TASK GOAL: Your copy starts at the line containing "Ideen Für Kleine" and ends at the last line of the material below. Reproduce those lines exactly, with no pictures.

GIVEN MATERIAL:
※ ※ ※

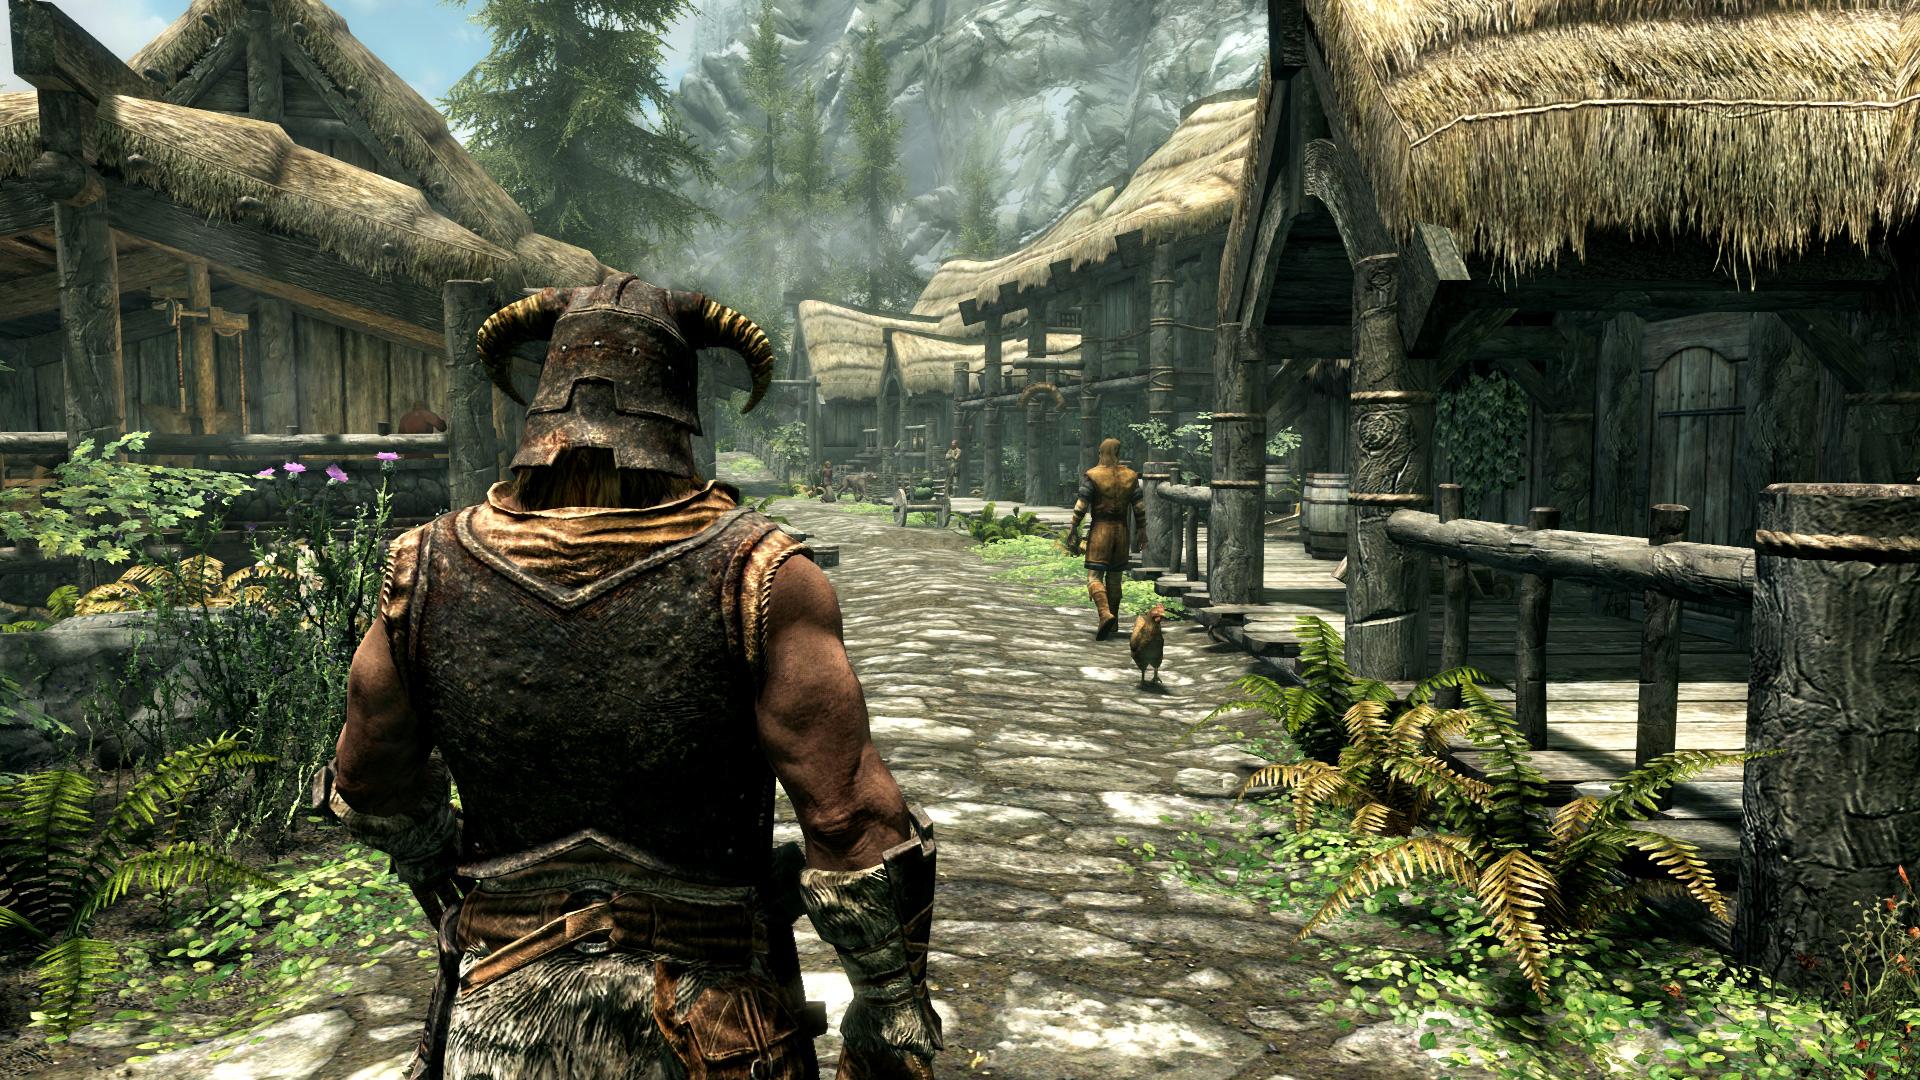 Итоги 2010-х: 10 лучших фантастических видеоигр поверсии читателей МФ 9
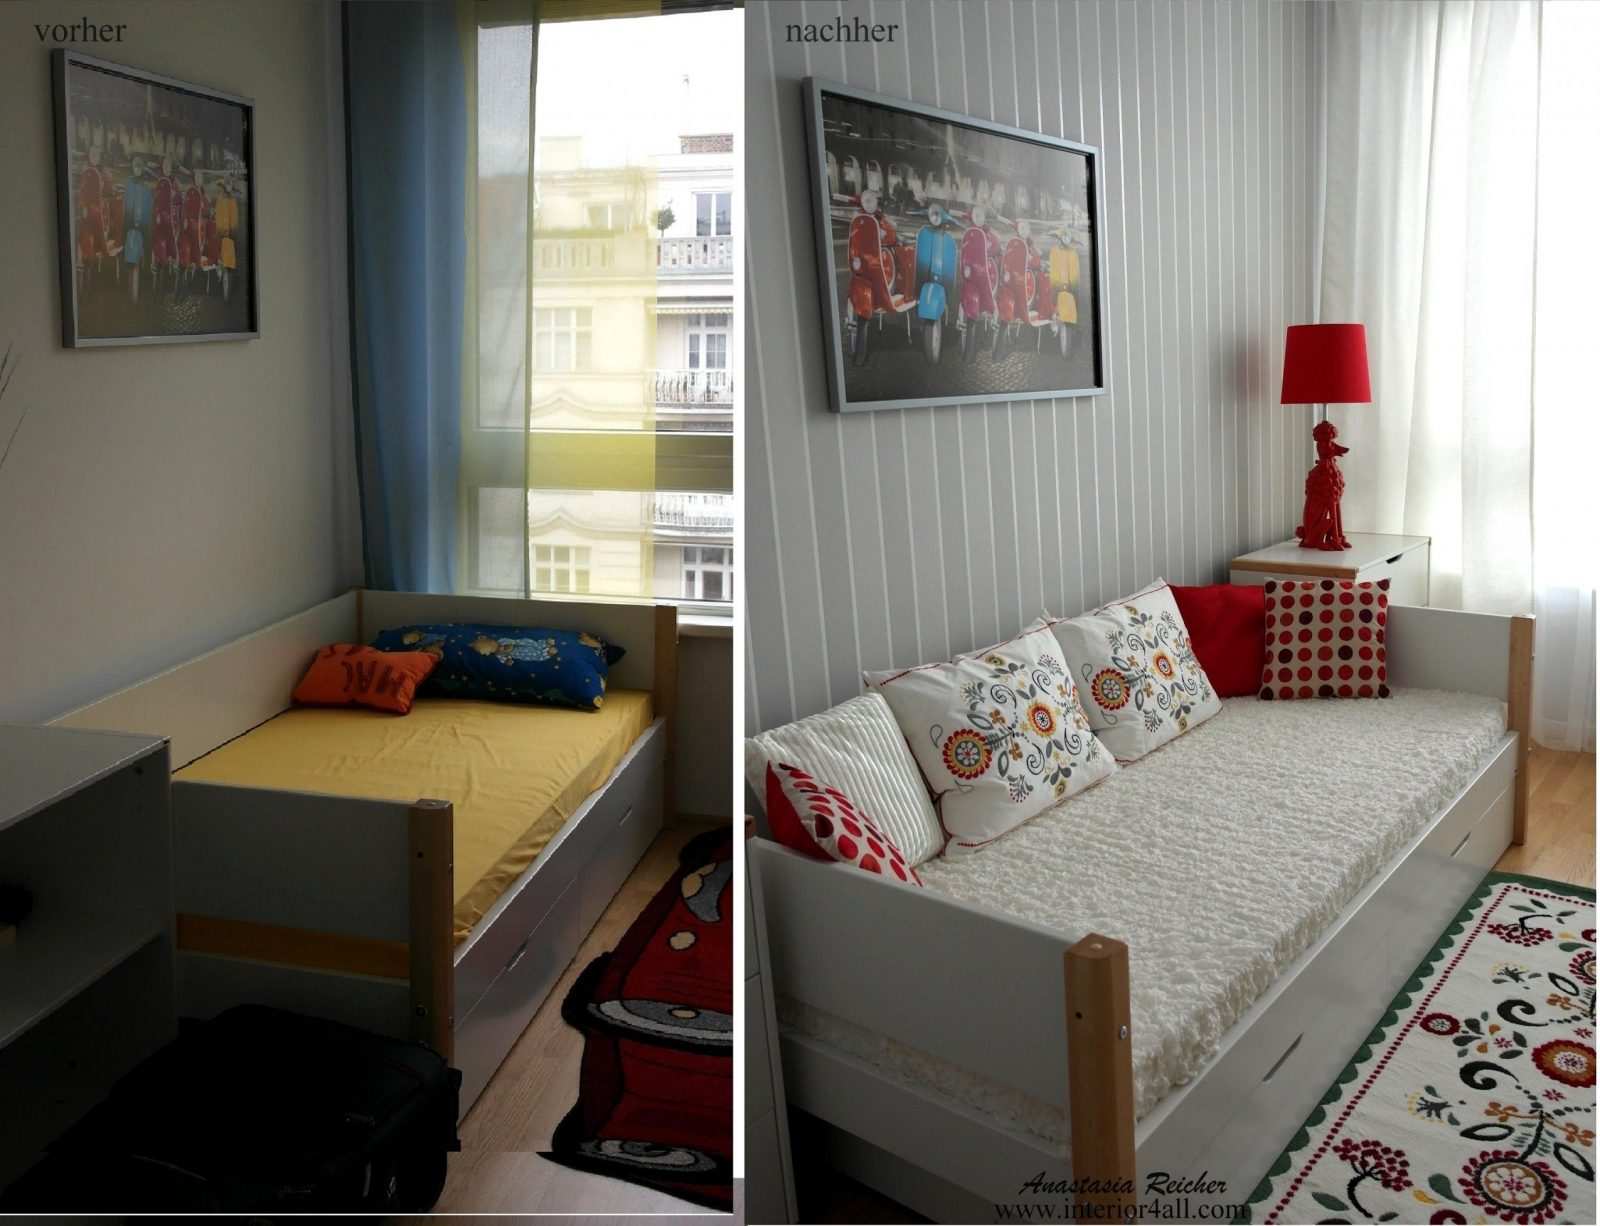 Ideen Für Kleine Räume Fernen Auf Wohnzimmer Mit Kinderzimmer von Schlafzimmer Einrichten Kleiner Raum Photo
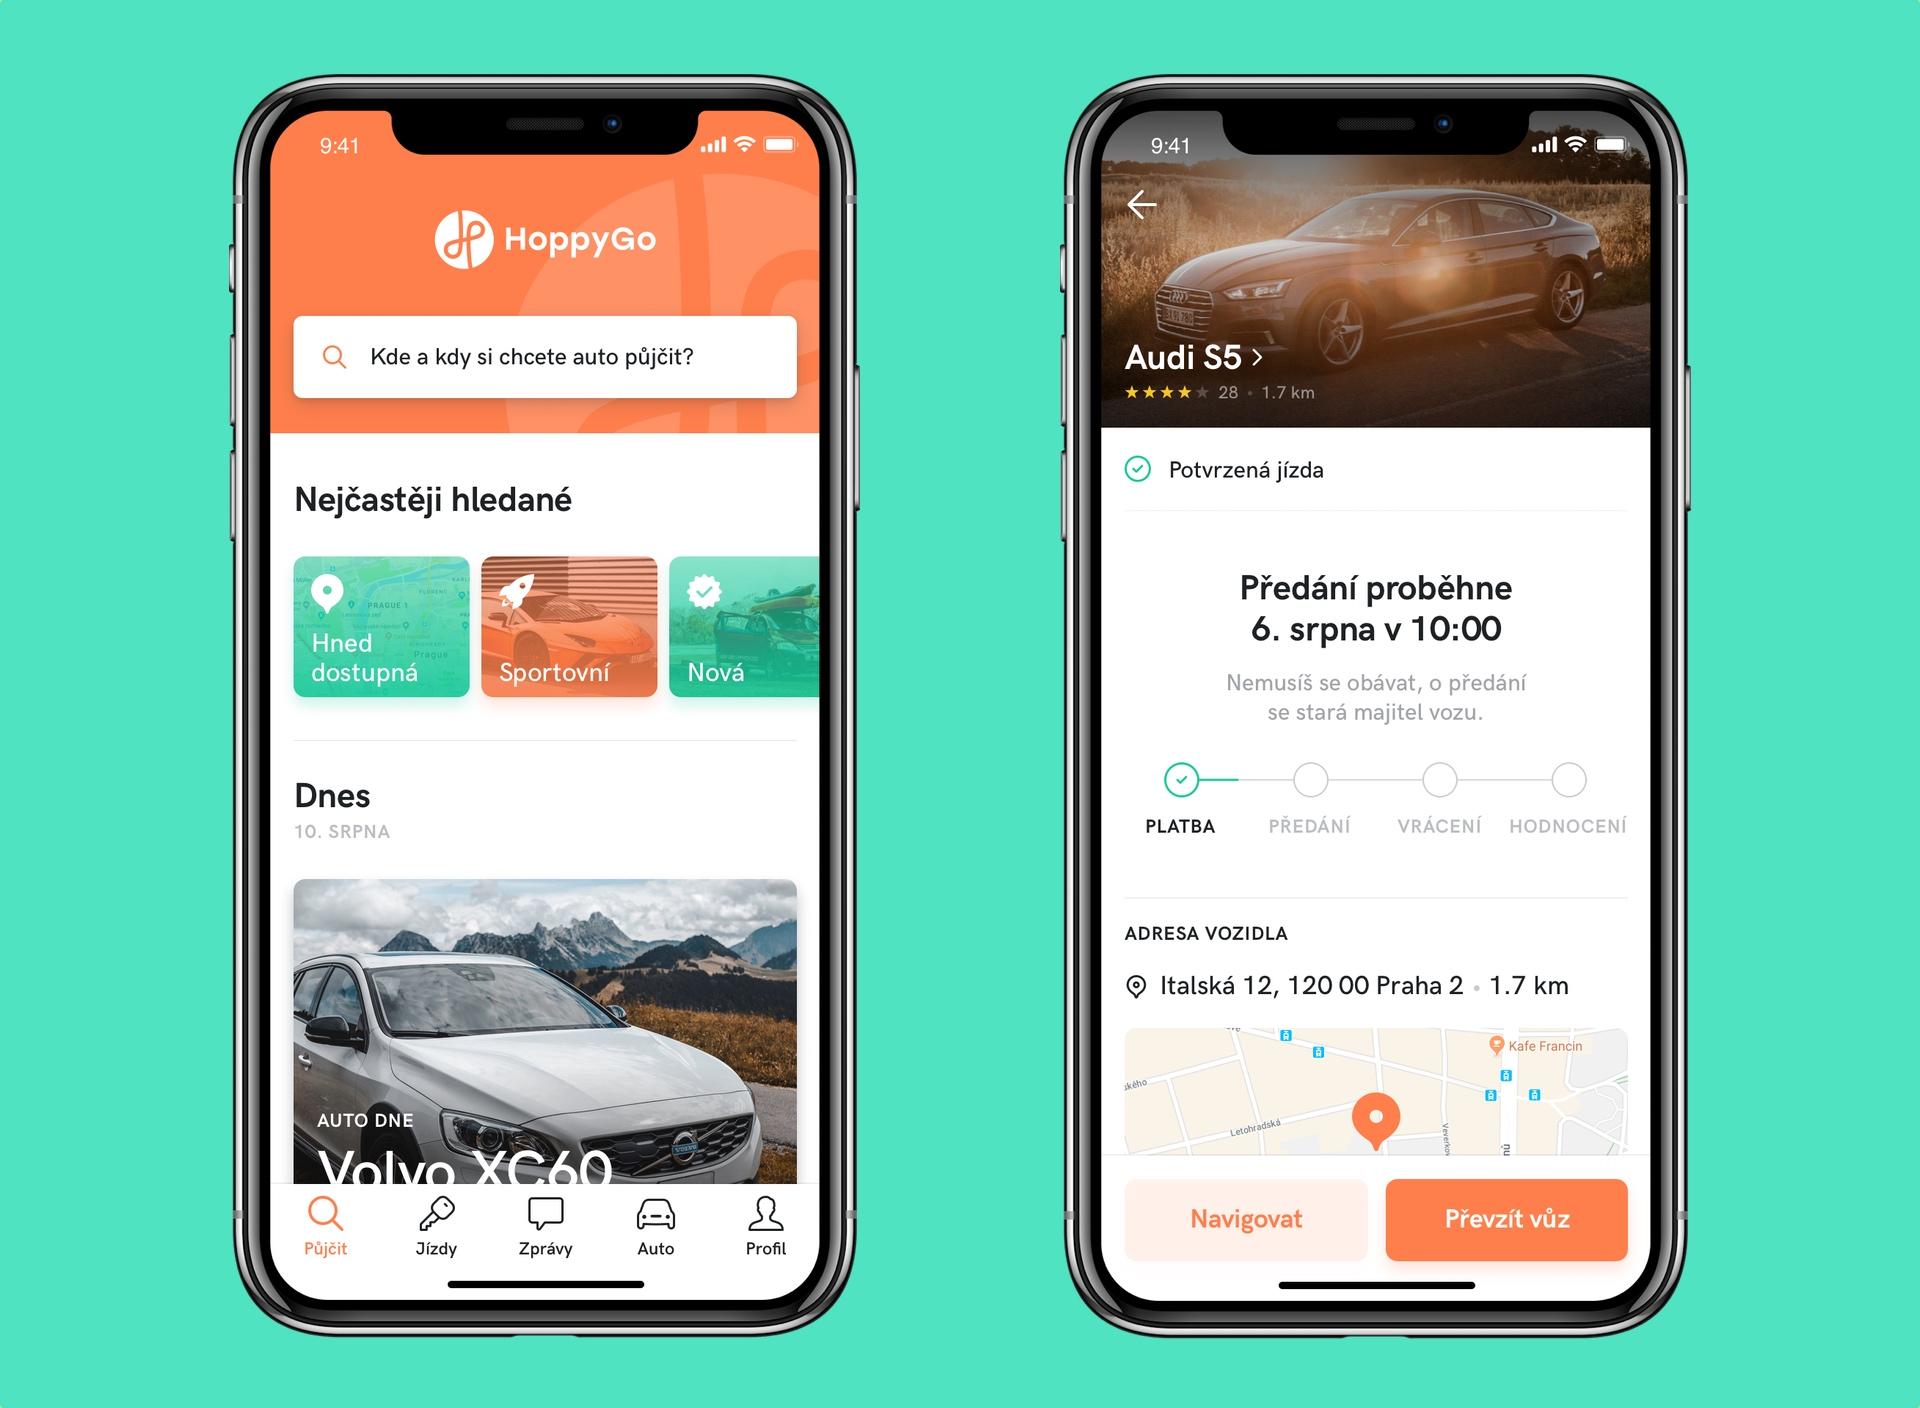 Připravovaná nová aplikace HoppyGo

※ ※ ※

OUTPUT OF THE TASK:
 Ideen Für Kleine Räume Fernen Auf Wohnzimmer Mit Kinderzimmer von Schlafzimmer Einrichten Kleiner Raum Photo
 Připravovaná nová aplikace HoppyGo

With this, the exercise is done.